**TASK TO COMPLETE:** All lines from the one containing "Treinta minutos icono" through the last line of the listing should be given again exactly, with no pictures.

Segment Start: SUPPLIED DATA

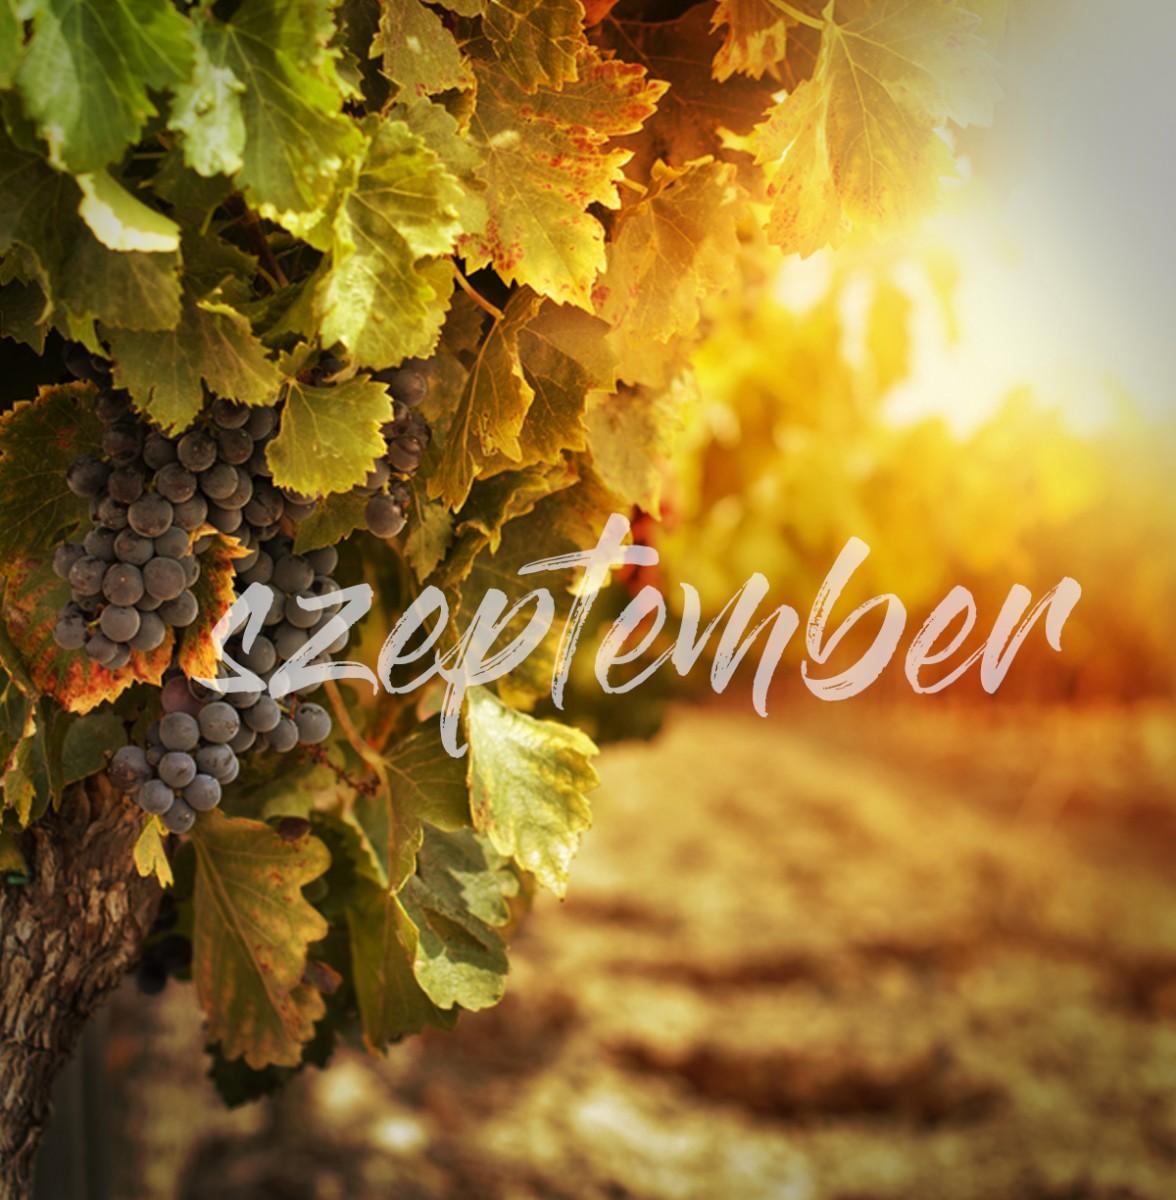 Mi történik szeptemberben?
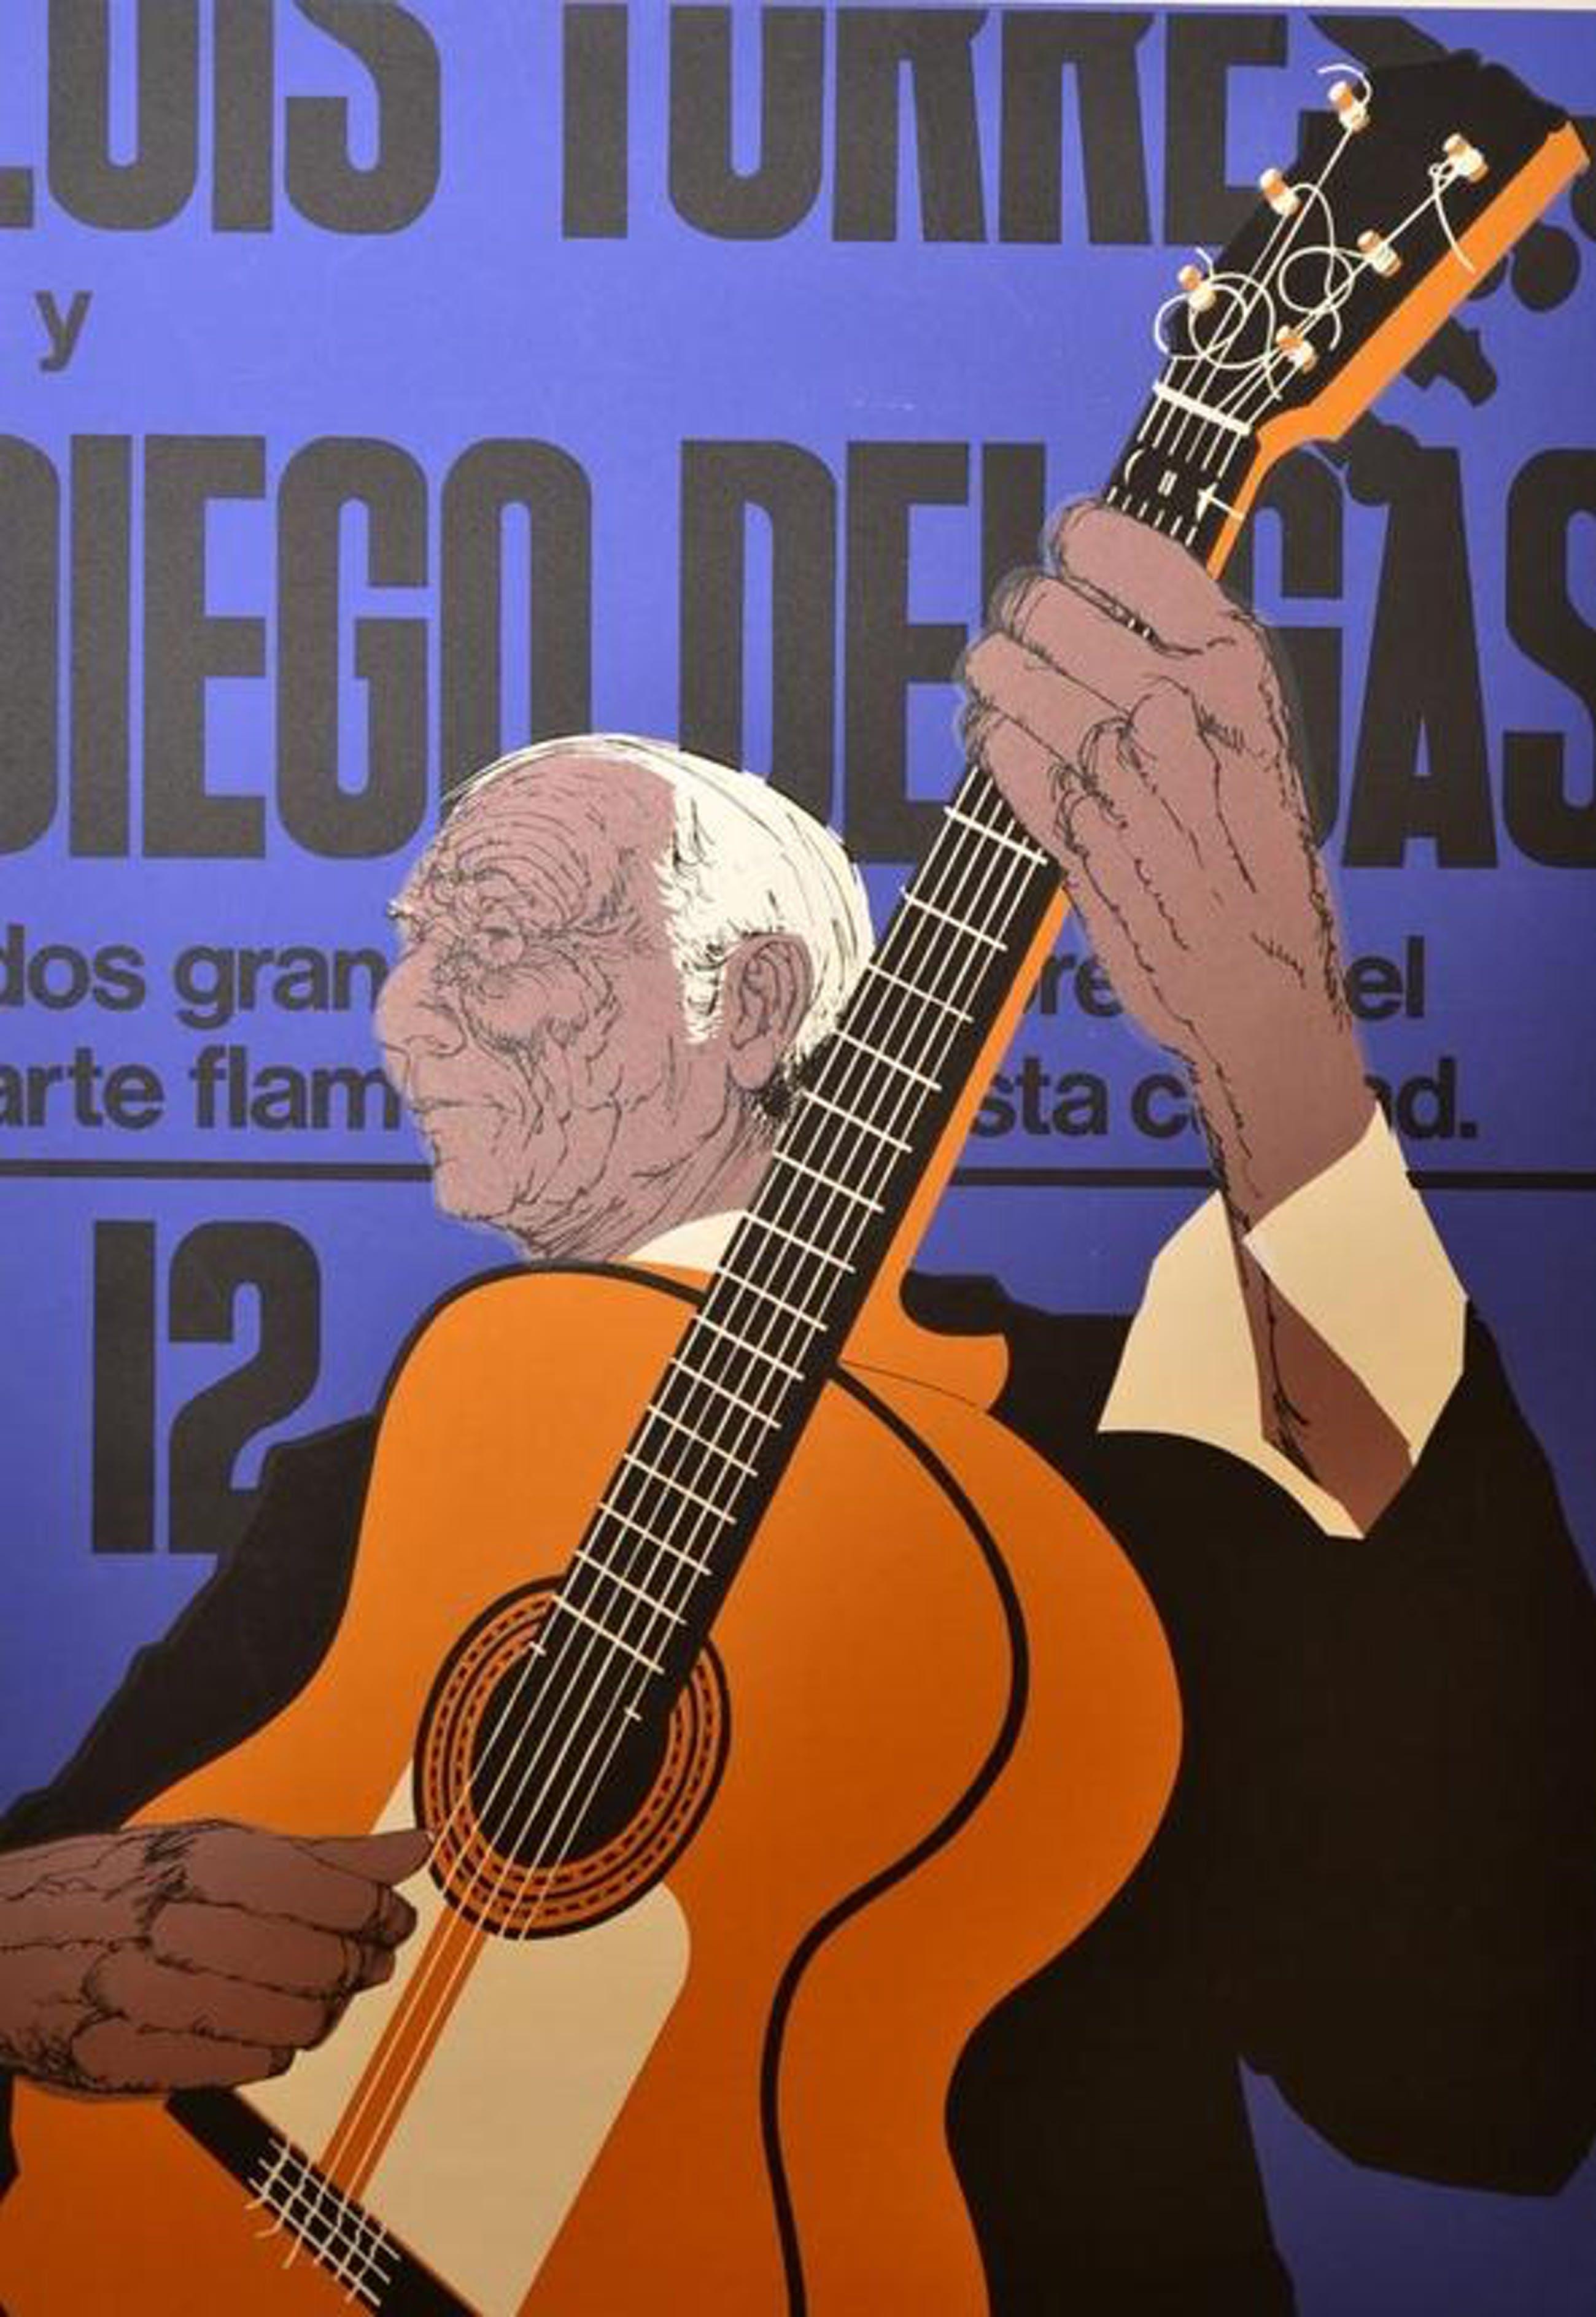 Onbekend: Zeefdruk 'Spaanse gitarist', 1975 kopen? Bied vanaf 1!
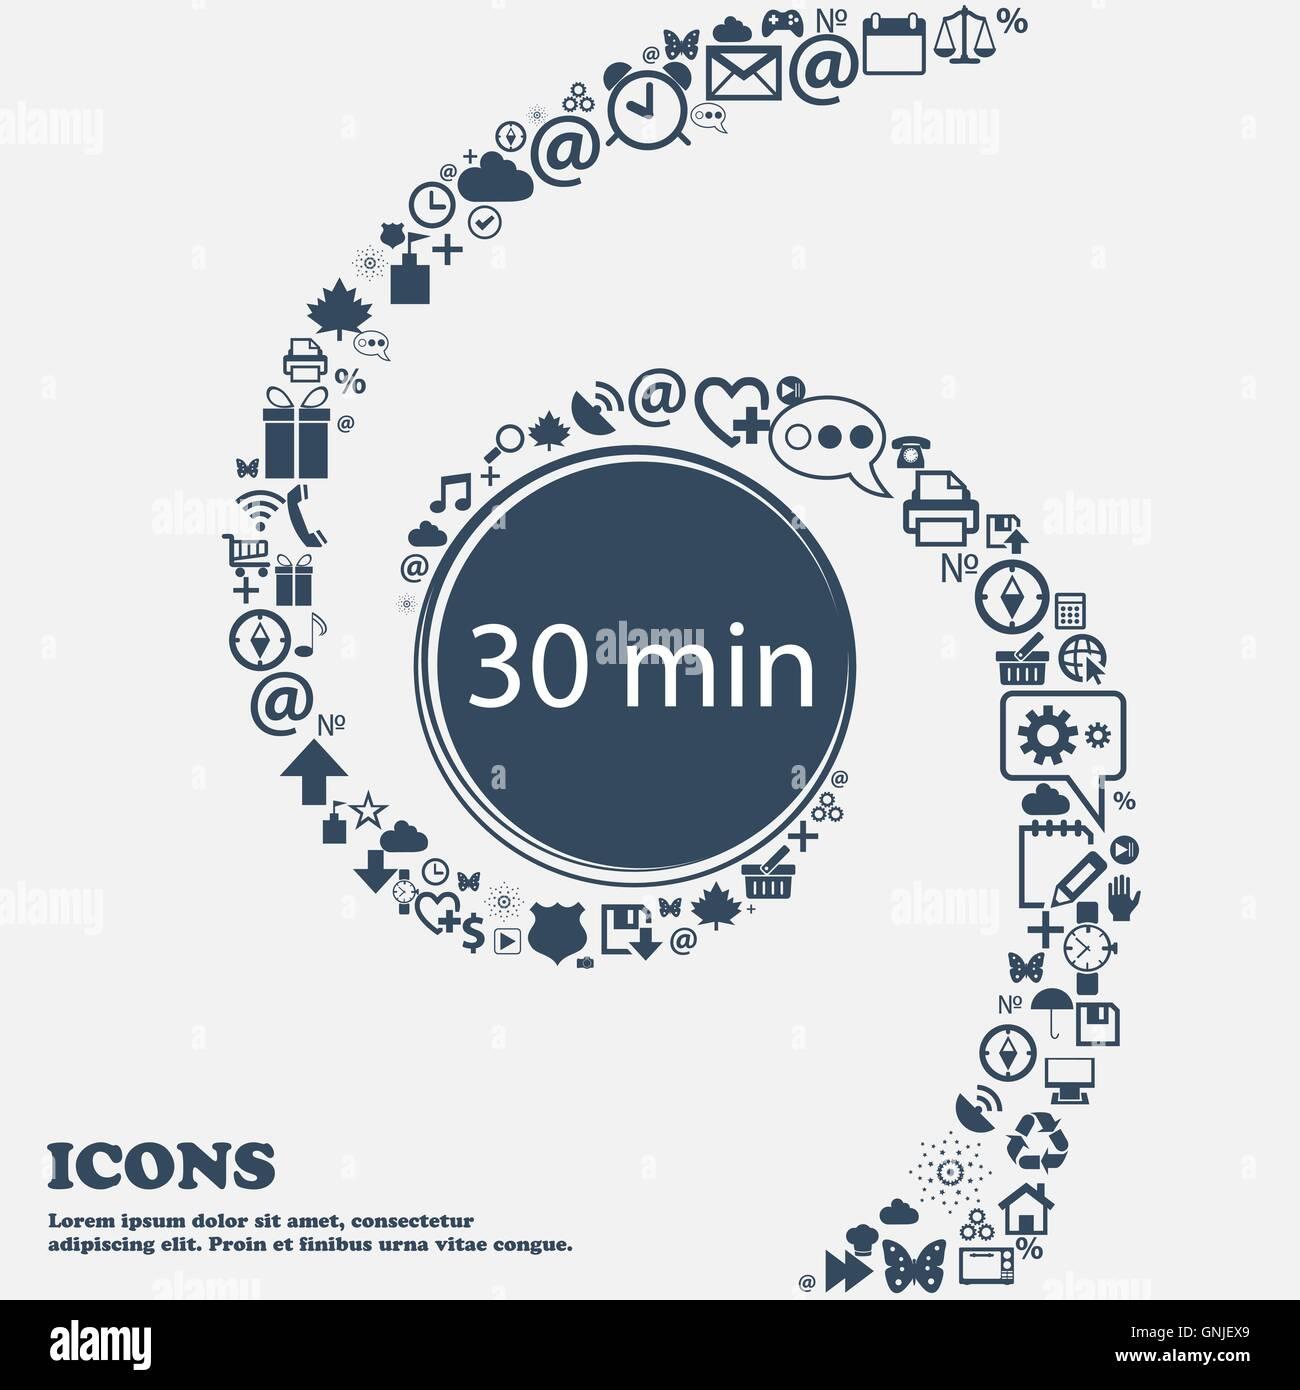 Treinta minutos icono de signo en el centro. Alrededor de los muchos hermosos símbolos tuercen en espiral. Imagen De Stock
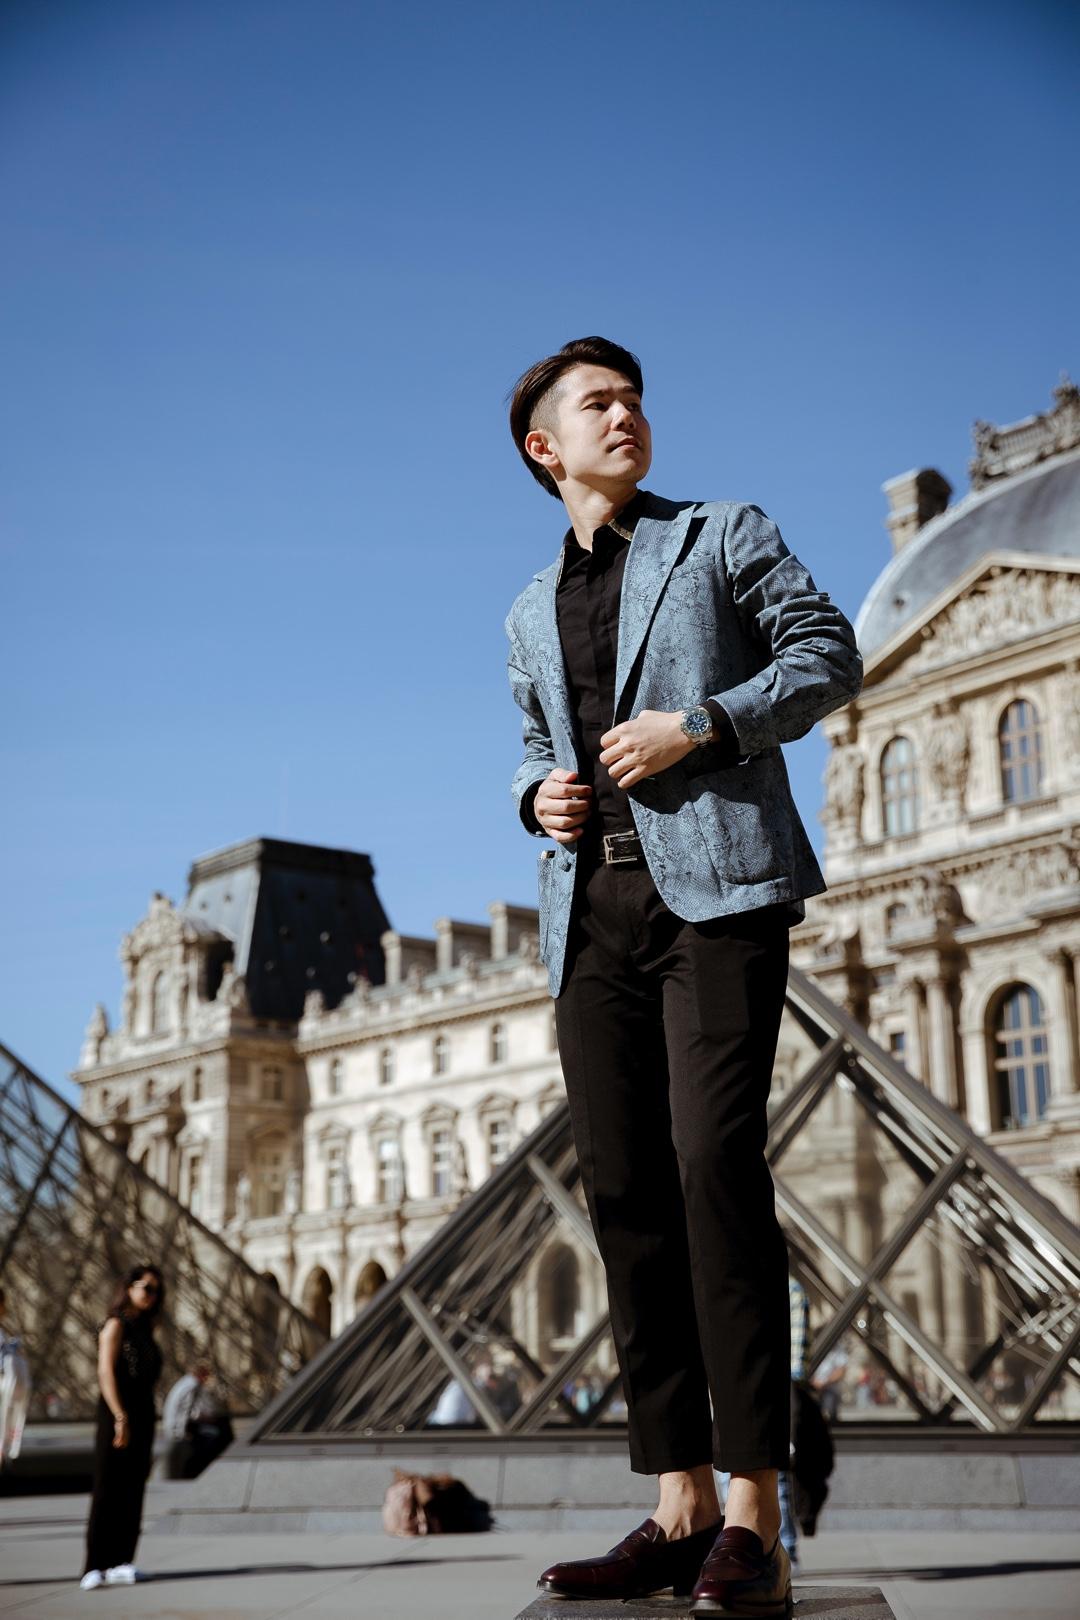 放晴后的巴黎天气格外地好,阳光慵懒地洒在身上。春天是乱穿衣的季节,午后你可以穿件T恤,踩着滑板;到了晚上你却裹上大衣,烤着餐厅的火炉……嗯,巴黎到处都是时尚的气息。 ————— 搭配单品: 西装:MasionLvchino 衬衫:ALEXANDER MCQUEEN 手表:劳力士 皮带:gucci 乐福鞋:Milch-Lei #小长假又双叒叕来啦!!#

Segment End: SUPPLIED DATA

**SOLUTION:**
 Treinta minutos icono de signo en el centro. Alrededor de los muchos hermosos símbolos tuercen en espiral. Imagen De Stock
 放晴后的巴黎天气格外地好,阳光慵懒地洒在身上。春天是乱穿衣的季节,午后你可以穿件T恤,踩着滑板;到了晚上你却裹上大衣,烤着餐厅的火炉……嗯,巴黎到处都是时尚的气息。 ————— 搭配单品: 西装:MasionLvchino 衬衫:ALEXANDER MCQUEEN 手表:劳力士 皮带:gucci 乐福鞋:Milch-Lei #小长假又双叒叕来啦!!#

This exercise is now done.